Problem statement
Reproduce, exactly and in full, the lines from the one with "Pile of black" through the one with "Manhood Is a Serious Business by Cath Tate" in the data below; drop pictures.

Provided data

========

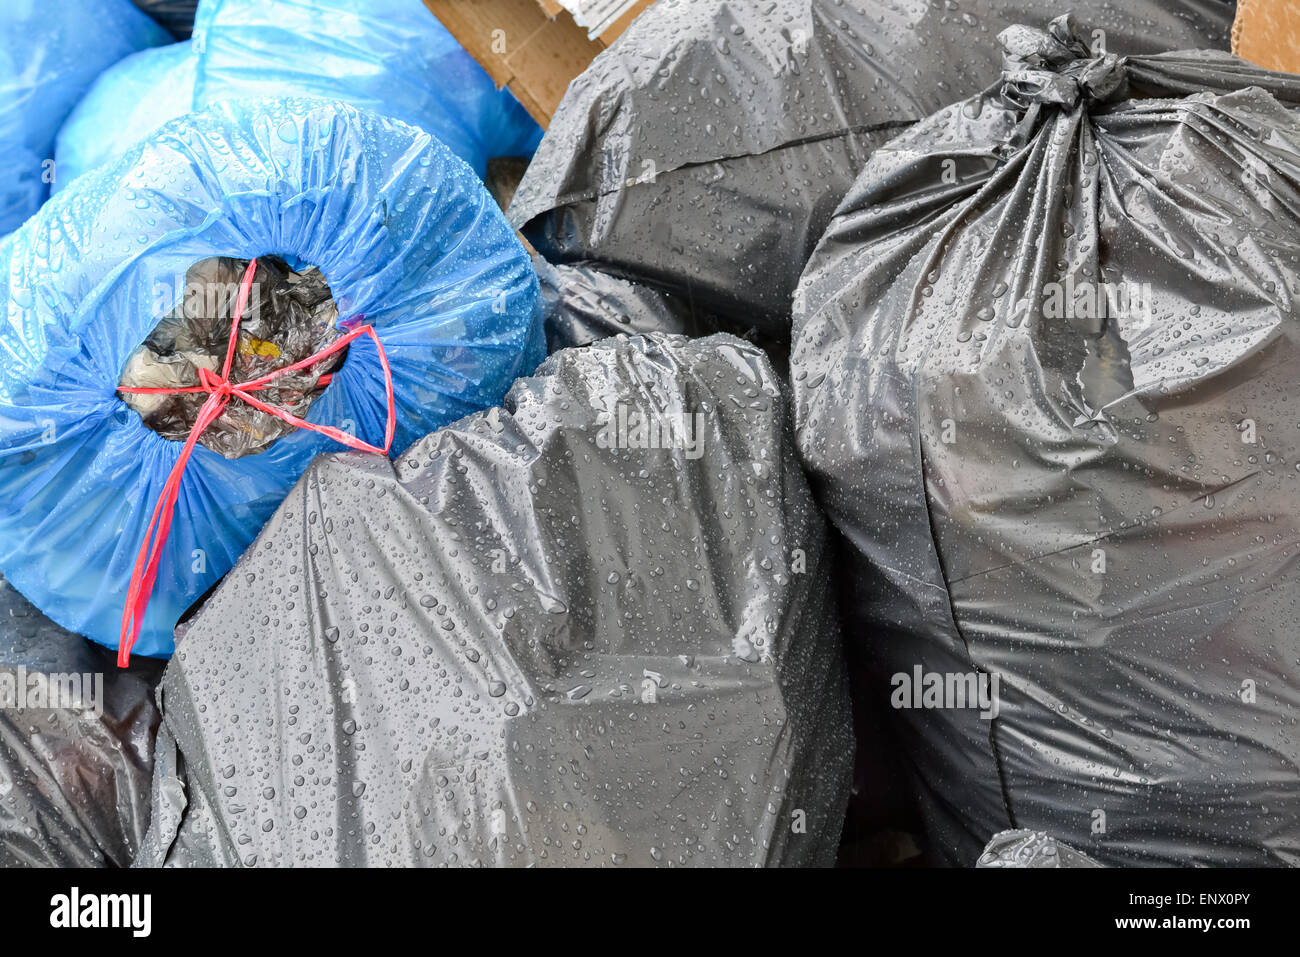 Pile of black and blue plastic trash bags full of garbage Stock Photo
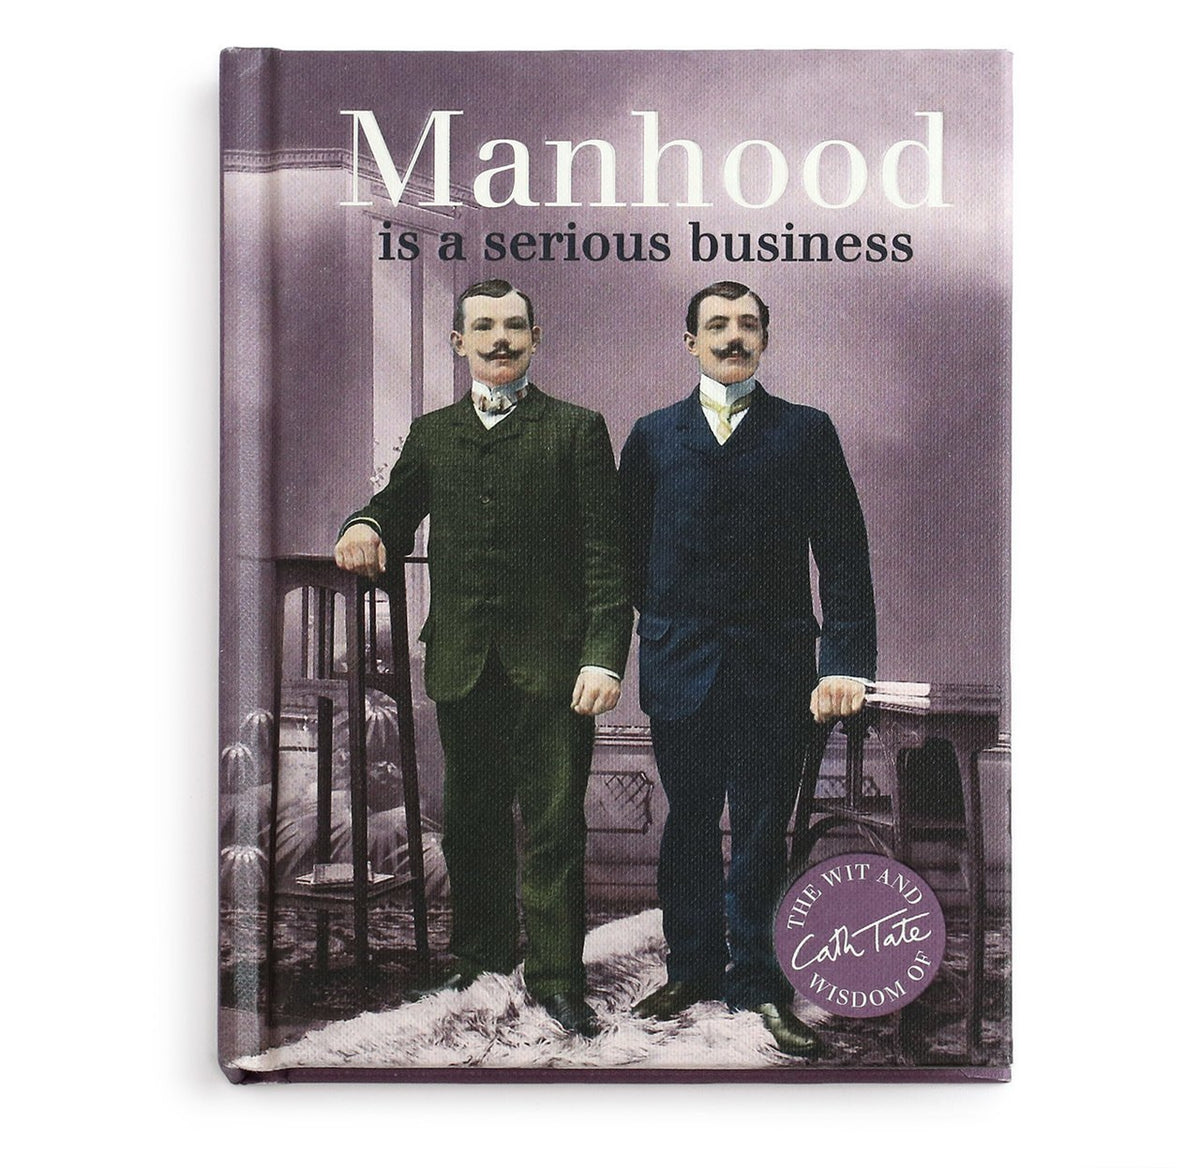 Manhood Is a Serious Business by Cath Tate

========

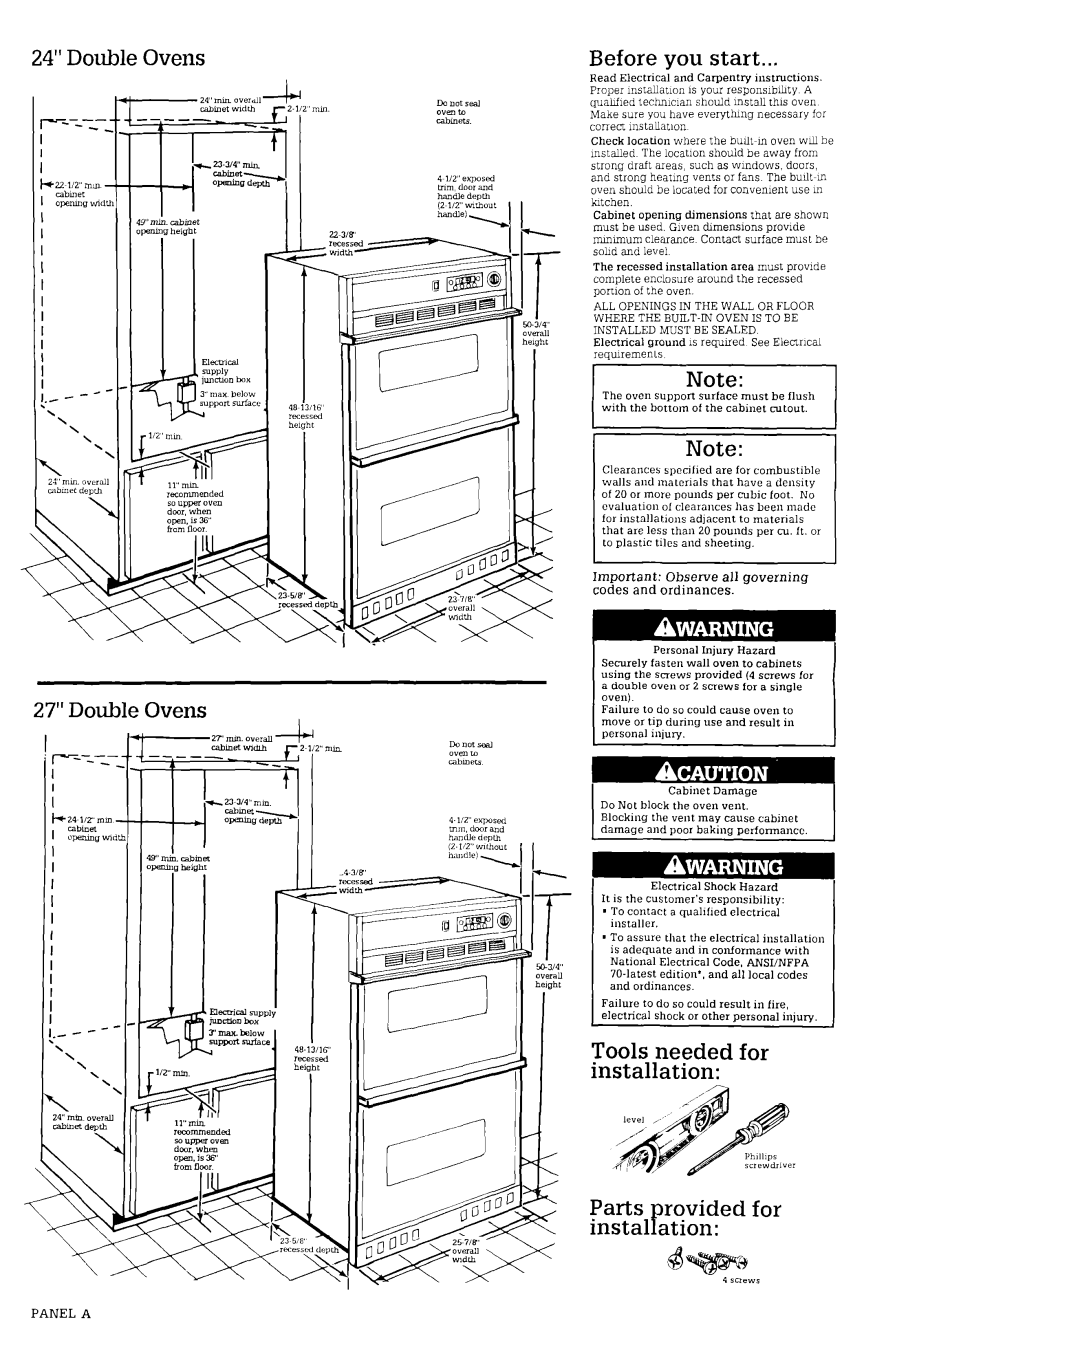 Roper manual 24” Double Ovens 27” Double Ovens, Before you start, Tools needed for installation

========

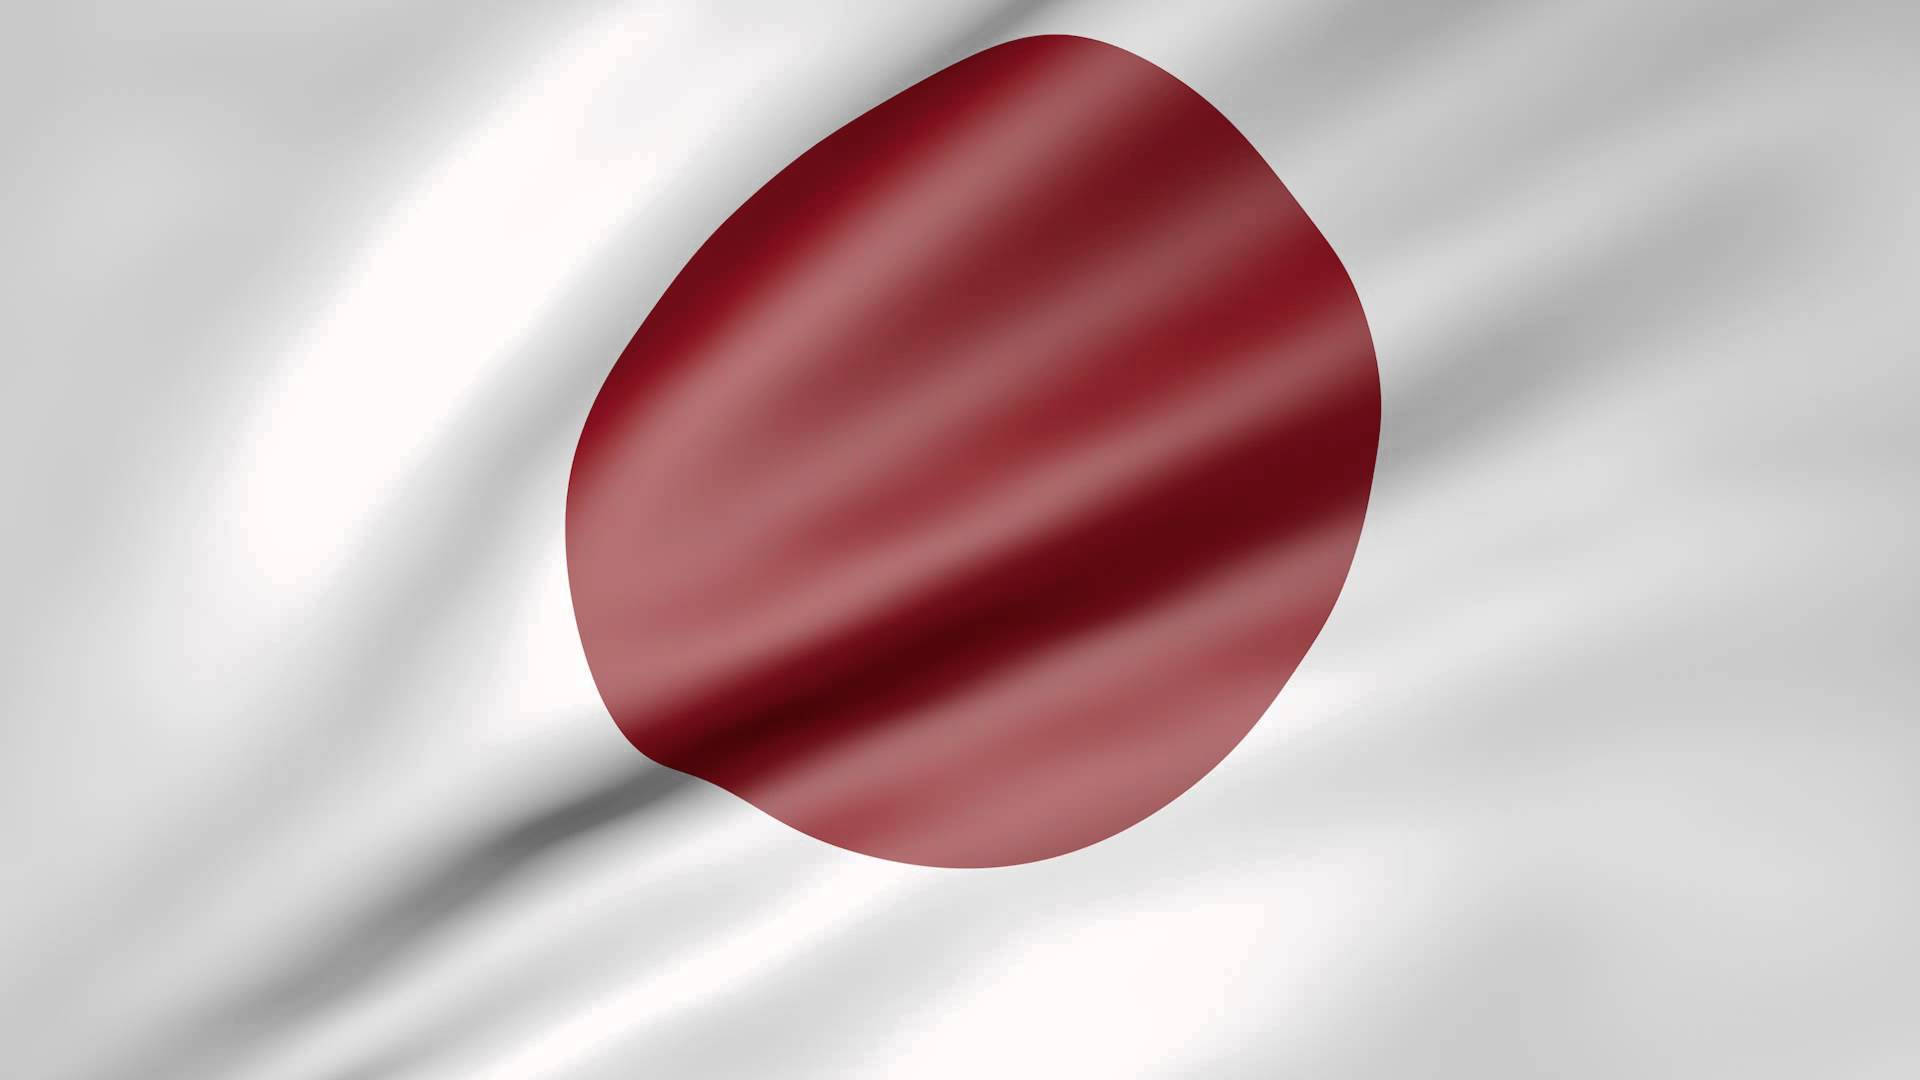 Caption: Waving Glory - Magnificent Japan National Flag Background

========

Problem solution
 Pile of black and blue plastic trash bags full of garbage Stock Photo
 Manhood Is a Serious Business by Cath Tate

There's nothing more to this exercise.